22 Испанская писательница предложила совершенно неожиданный для Западной Европы 80-х годов XIX столетия подход к определению национального своеобразия русской литературы. Его отличительной чертой является перенос центра внимания с внутреннего достоинства самих произведений на проблему отражения в русском романе общественной борьбы в России. Благодаря своим русским знакомым Пардо Басан первой в Европе обратила внимание на непосредственную причинно-следственную связь между русской литературой и набиравшим силу революционным движением в России. Писательница ставила перед собой задачу проследить формы отражения исторического развития и социальных идей в современном русском романе и при этом не упустить из виду, что «по венам русской литературы текут социалистические и коммунистические идеи» (р. 102). Более того, романы русских писателей, с ее точки зрения, и отражали предреволюционную ситуацию в России, и участвовали в ее формировании.

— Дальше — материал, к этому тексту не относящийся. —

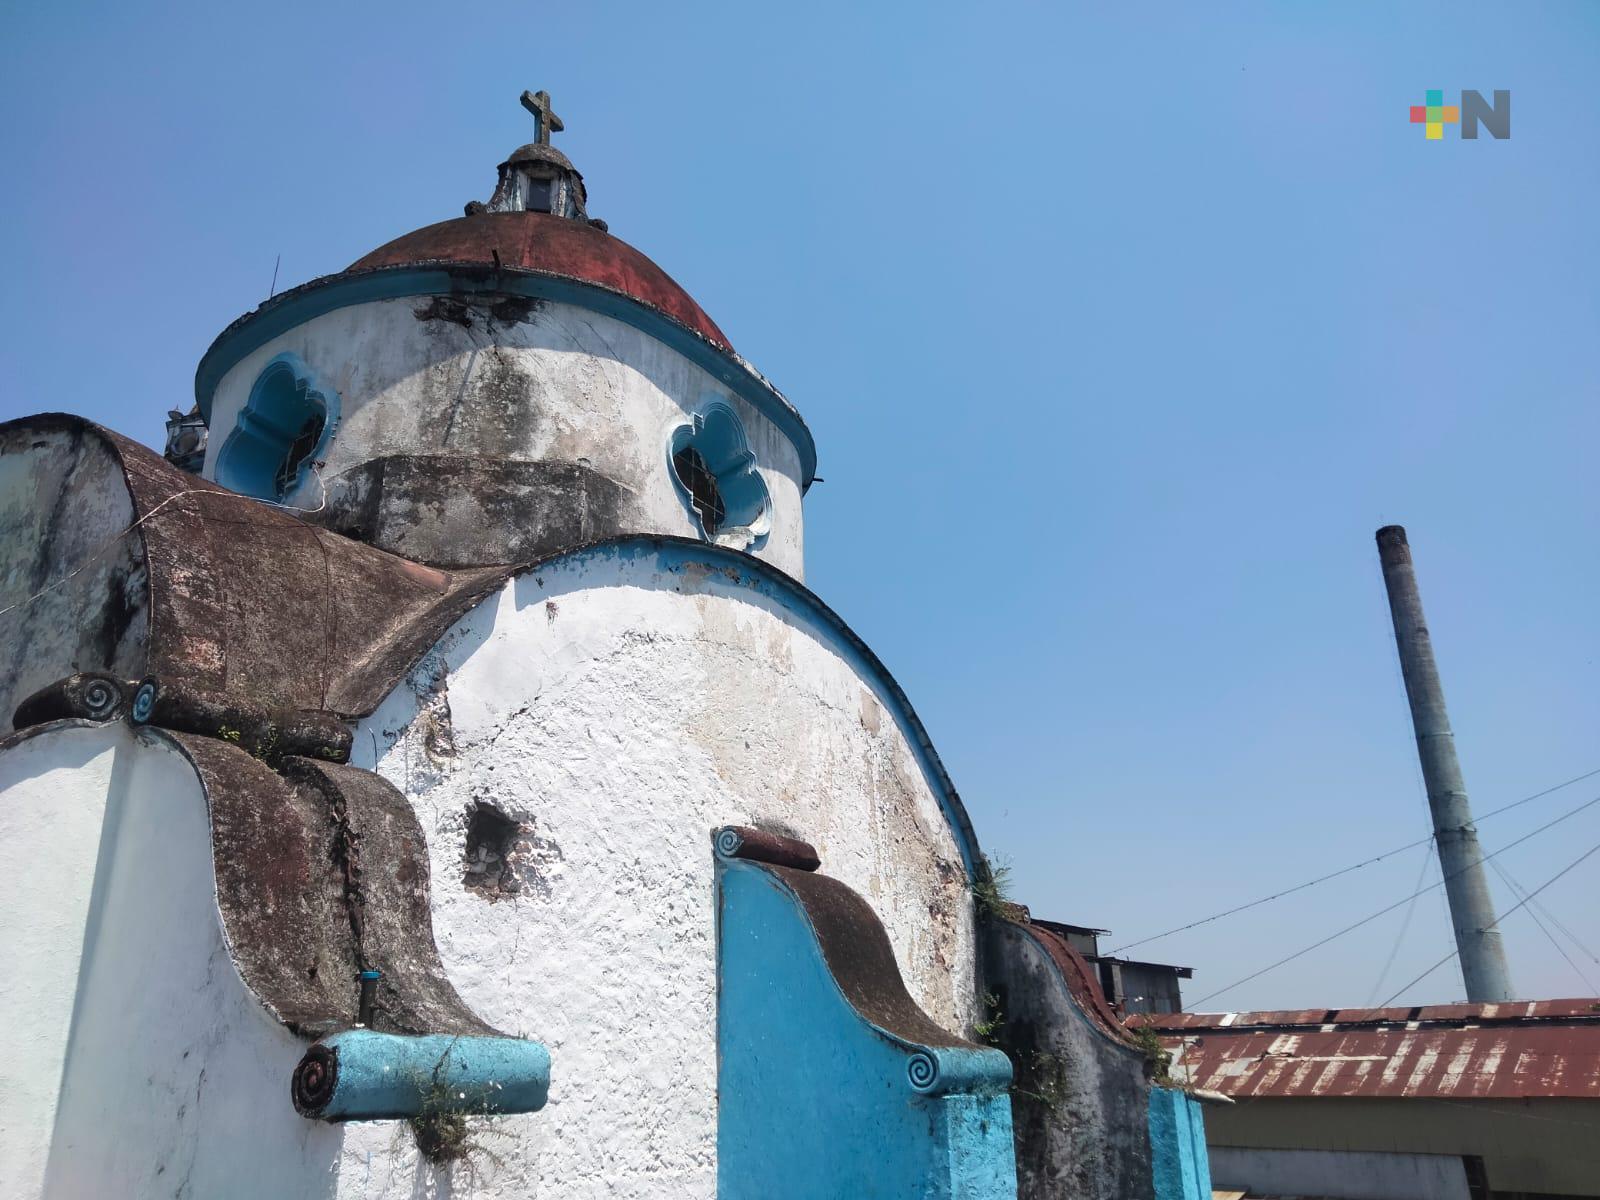 Localidad de La Concha guarda interesantes historias de la época de la conquista de México

23 Таков в концентрированном виде взгляд Пардо Басан на национальное своеобразие русской литературы. При этом как литература, так и «революция» вызывали у нее, представителя западной цивилизации, двойственное чувство: неподдельного восхищения и тревоги.
24 Можно лишь удивляться тому, что при всем многообразии подходов и оценок как классического русского романа второй половины XIX столетия, так и русской литературы в целом, ее периодизации и эстетических особенностей, судя по всему в осмыслении национального ее своеобразия исследователи во многом сохраняли верность двум ярким концепциям, двум «текстам-архетипам» (именно «архетипам», поскольку книга «Революция и роман в России» Пардо Басан, строго говоря, не является «источником»), одна из которых возникла в полемике с позитивизмом и натурализмом, а вторая, в свою очередь, полемична по отношению к первой. В то же время очевидно, что сочинение Пардо Басан во многом уступает книге Вогюэ, выдающемуся литературному манифесту XIX века, как глубиной постановки вопросов, так и влиянием на умы нескольких поколений интеллектуалов и любителей литературы во многих странах мира. Однако столь же очевидно, что в России ее имя также не должно быть забыто.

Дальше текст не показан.